BOISE – U.S. Sen. Jim Risch would back doubling federal loan guarantees for U.S. uranium enrichment projects to $4 billion and awarding half to a proposed new Ohio plant, if that’s what it takes to help a competing proposal in Idaho that the first-term Republican fears could fall victim to politics.
Risch said in an interview Thursday the political clout of lawmakers in Ohio, an important battleground state in presidential politics, could wind up hurting efforts by French-owned Areva Inc. to secure the $2 billion the Department of Energy currently has set aside for loan guarantees to uranium enrichment projects.
USEC Inc. was told by the DOE in late July it wouldn’t get the guarantees because its partially built plant near Cincinnati wasn’t ready to go forward. Just a week later, however, the agency offered the Bethesda, Md.-based-company another six months before doing a final review of the loan application.
As a member of the GOP minority, former Idaho governor Risch has found himself in the role of stopper on Democrat-backed issues including expansion of union power, pollution-credit trading and President Barack Obama’s push to reform the U.S. health care system. But divvying up loan guarantees, especially if it favors a project in his backyard, is an area where the first-term senator said he’s willing to make a deal.

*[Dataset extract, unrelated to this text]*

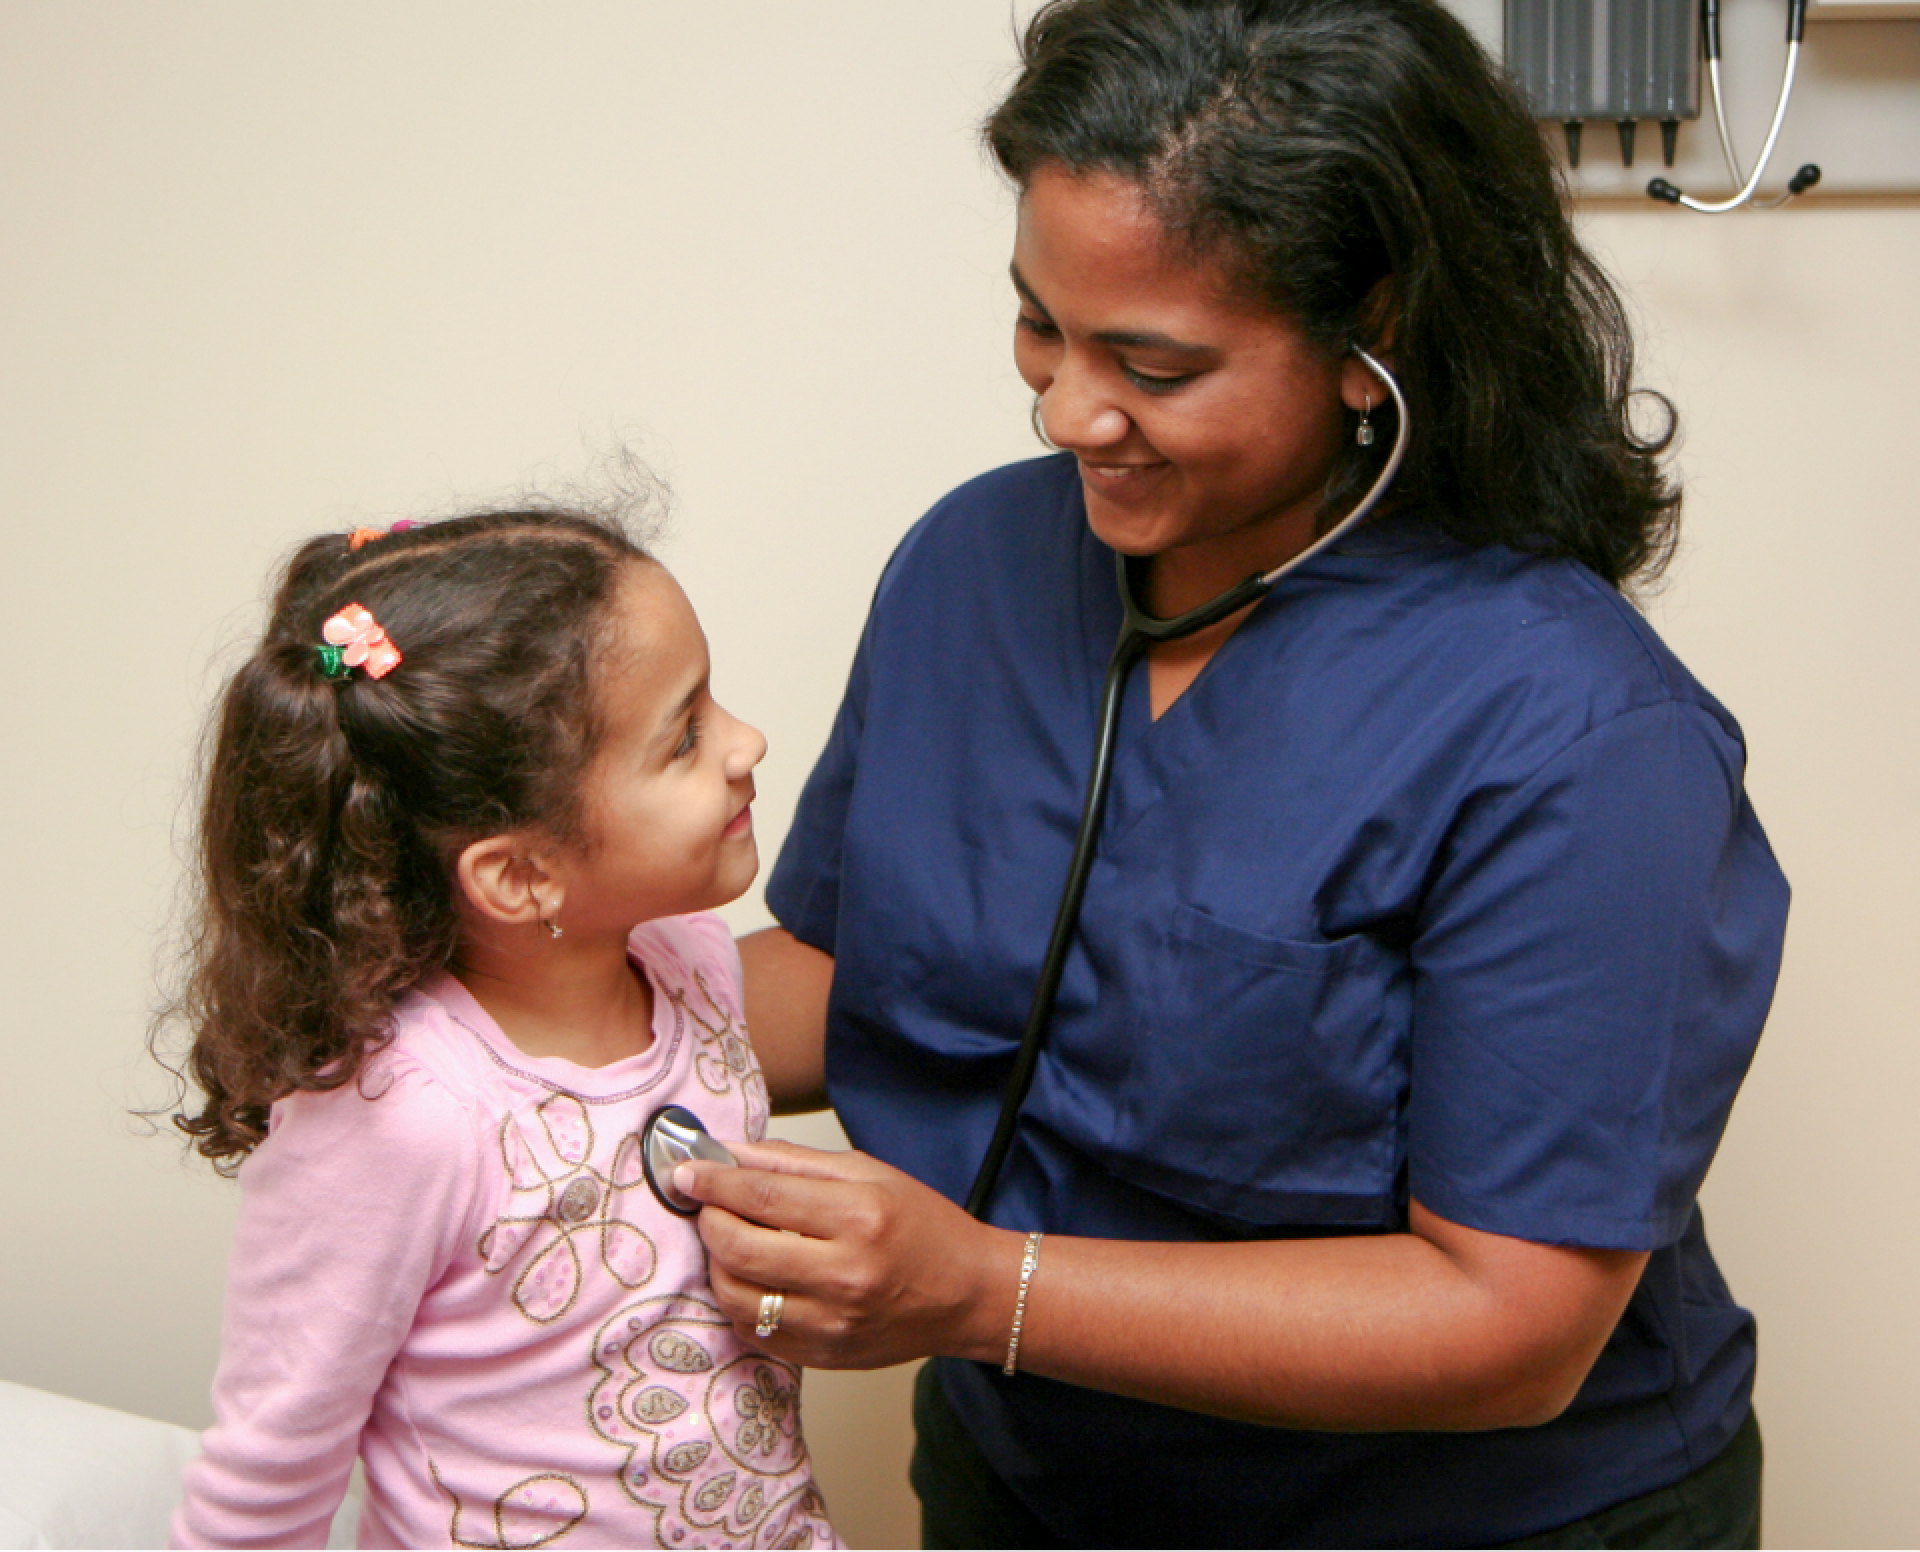 Healthcare professional listens to child's heartbeat with a stethoscope

“There’s tremendous political pressure to favor USEC,” Risch said. “We’ve got to be very cautious in this.”
Areva wants to build its plant near Idaho Falls, not far from the Idaho National Laboratory nuclear research site.

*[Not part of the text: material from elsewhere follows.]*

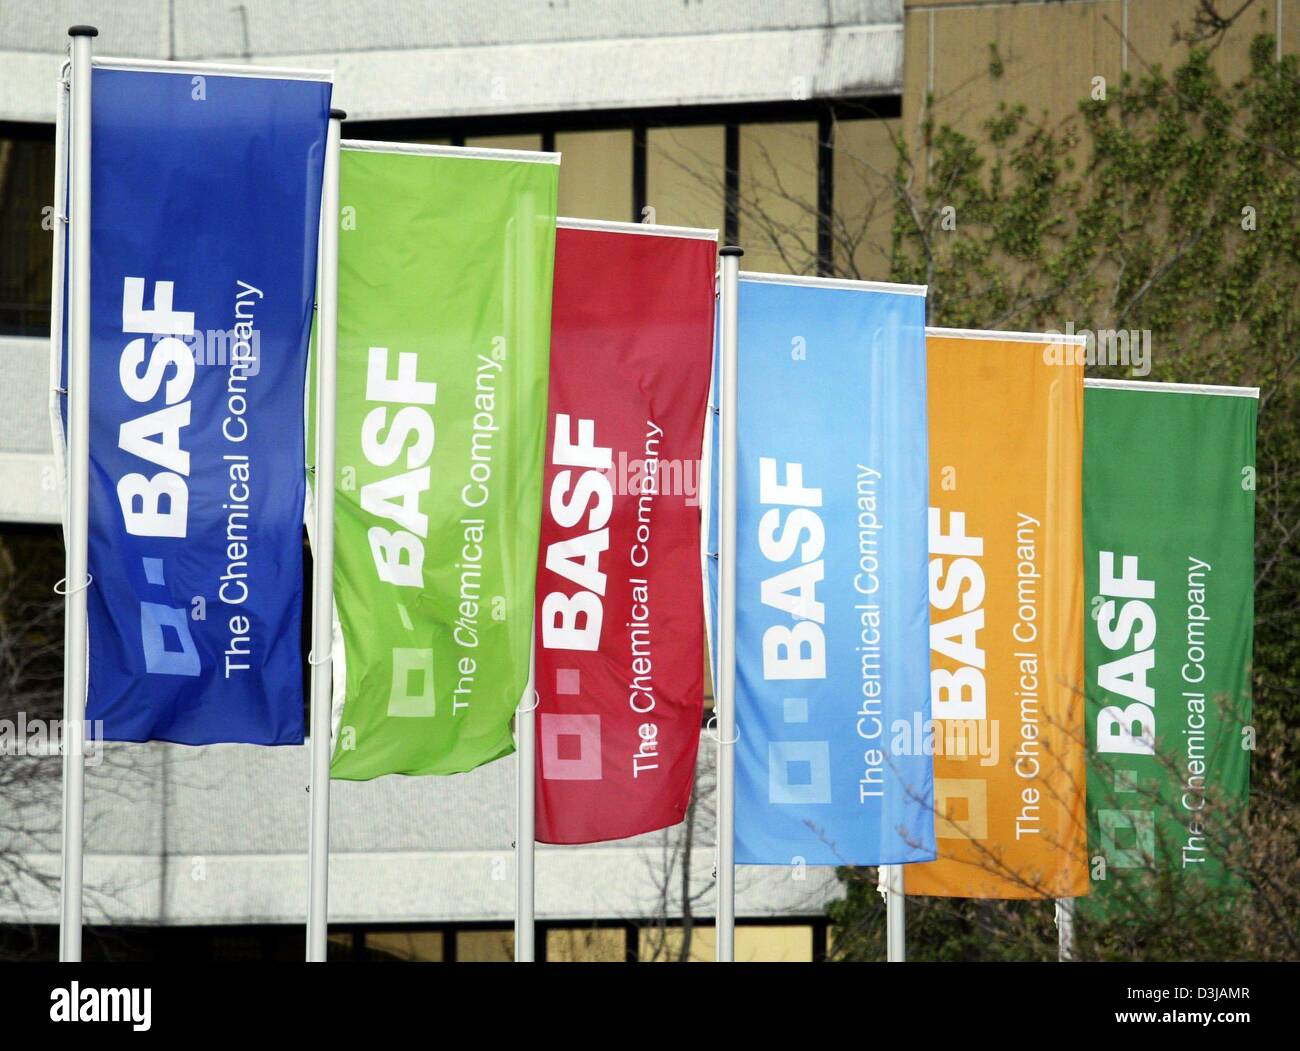 dpa-colourful-flags-featuring-the-new-logo-of-basf-chemical-group-D3JAMR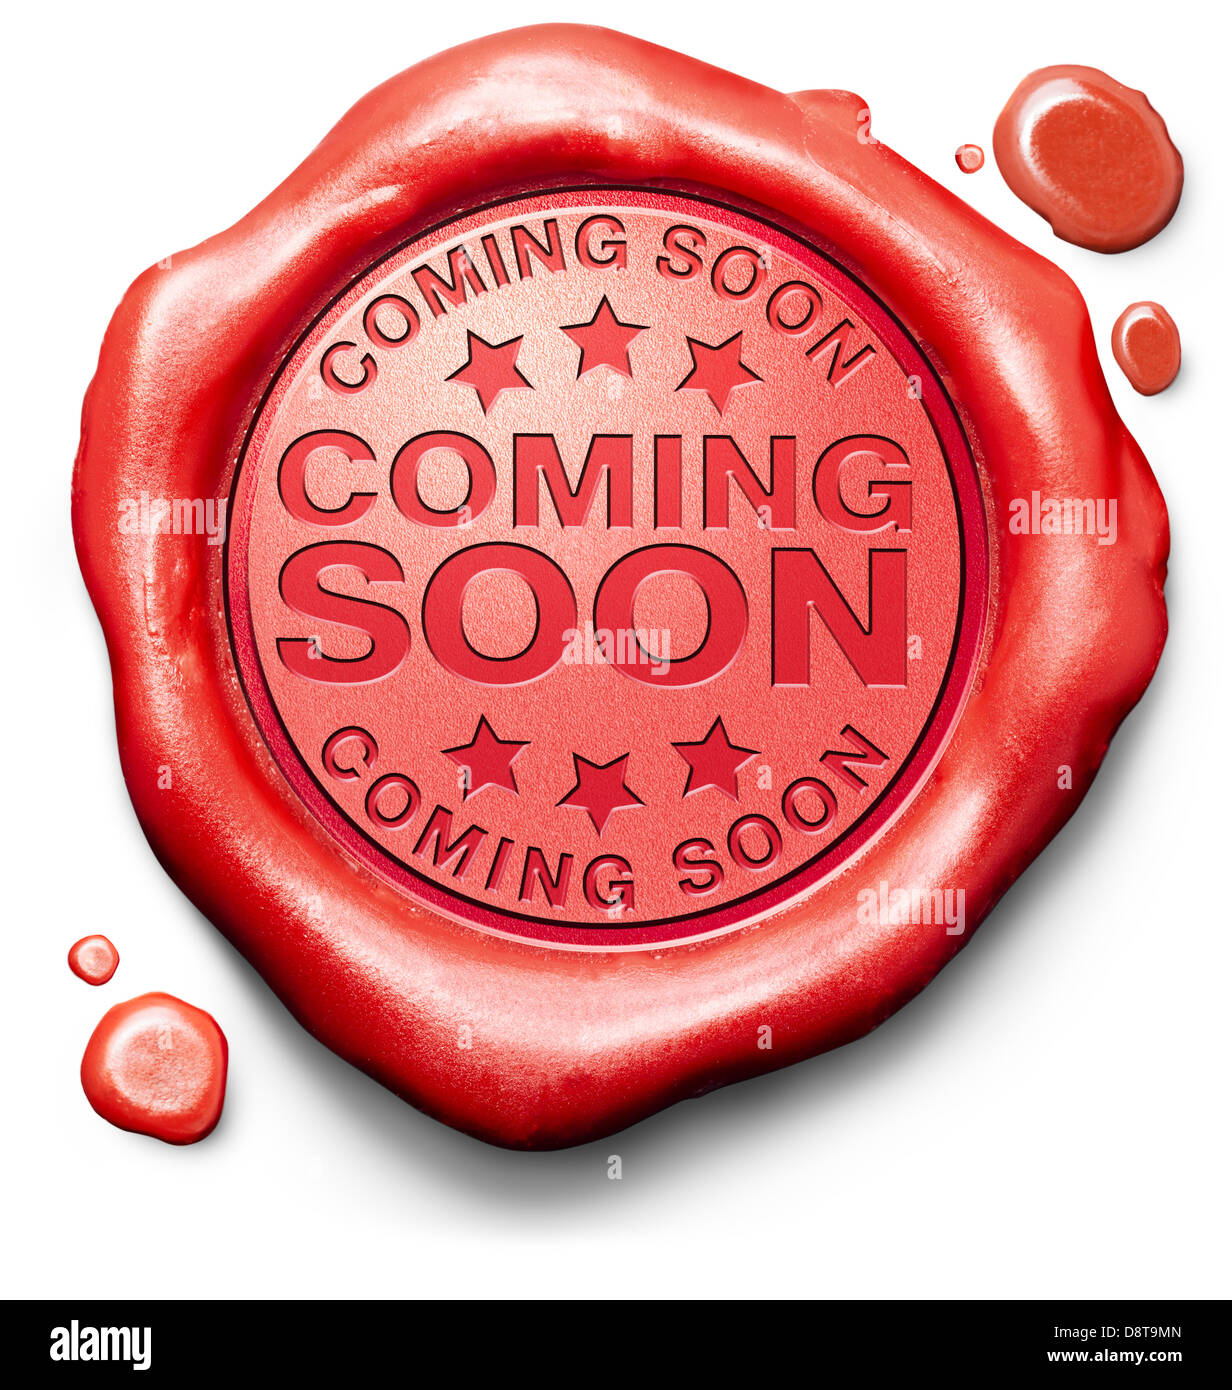 coming soon brand new product release next up promotion and announce red label icon or stamp Stock Photo

But Idaho has just 1.5 million residents and four federal lawmakers; Ohio has nearly 12 million people, 20 lawmakers and is a bellwether state in national politics, something Risch says could sway decisions in Washington, D.C.
The DOE has yet to award a loan guarantee to Areva for its proposal, similar to a new plant it’s building in its home country.
The guarantees, when finally awarded, won’t necessarily go to a single company, and could still be divided.
“We’re reviewing their application right now, and will make a decision as soon as we’re able to do that,” said Stephanie Mueller, a DOE spokeswoman in Washington, D.C.
Lawmakers in states that would benefit from the projects are vying for the federal guarantees, which will help lure investors and reduce the cost of borrowing because the U.S. government promises to step in and assume private debt obligations if the borrower defaults.
The $2 billion guarantees were part of the federal Energy Policy Act passed in 2005 to speed nuclear energy facilities.
USEC CEO John Welch, who has struggled to attract financing for his $3.5 billion plant, says its success may depend on whether USEC wins guarantees.
When the Department of Energy told Welch July 28 his proposal wasn’t ready, he announced he was “shocked” and immediately wrote Obama urging a change of heart.
And U.S. House Republicans including Ohio Rep. Jean Schmidt, who represents the district where the USEC plant will be built, and Tennessee Rep. Zach Wamp, whose district includes a plant where equipment is being made for the Ohio facility, organized rallies to pressure DOE Secretary Steven Chu to reconsider.
Chu did exactly that last week, opting to give USEC “the time it needs to more fully test its technology and develop additional financial support for the project,” according to a statement.
For Risch, this is a sign of just how high the stakes are – and an indication that expanding loan guarantees, rather than limiting them to the $2 billion USEC and Areva are both vying for, may be the best way to ensure Areva’s project outside Idaho Falls is completed.
“I have no problem with (expanding guarantees.) We’re talking guarantees, we’re not talking about cash grants,” Risch said. “These outfits know what they’re doing, neither one of them are slouches.”
Areva aims to start construction in 2011, creating about 800 construction jobs and 300 full time jobs in eastern Idaho. If approved, the Eagle Rock plant is scheduled to be operating by 2014.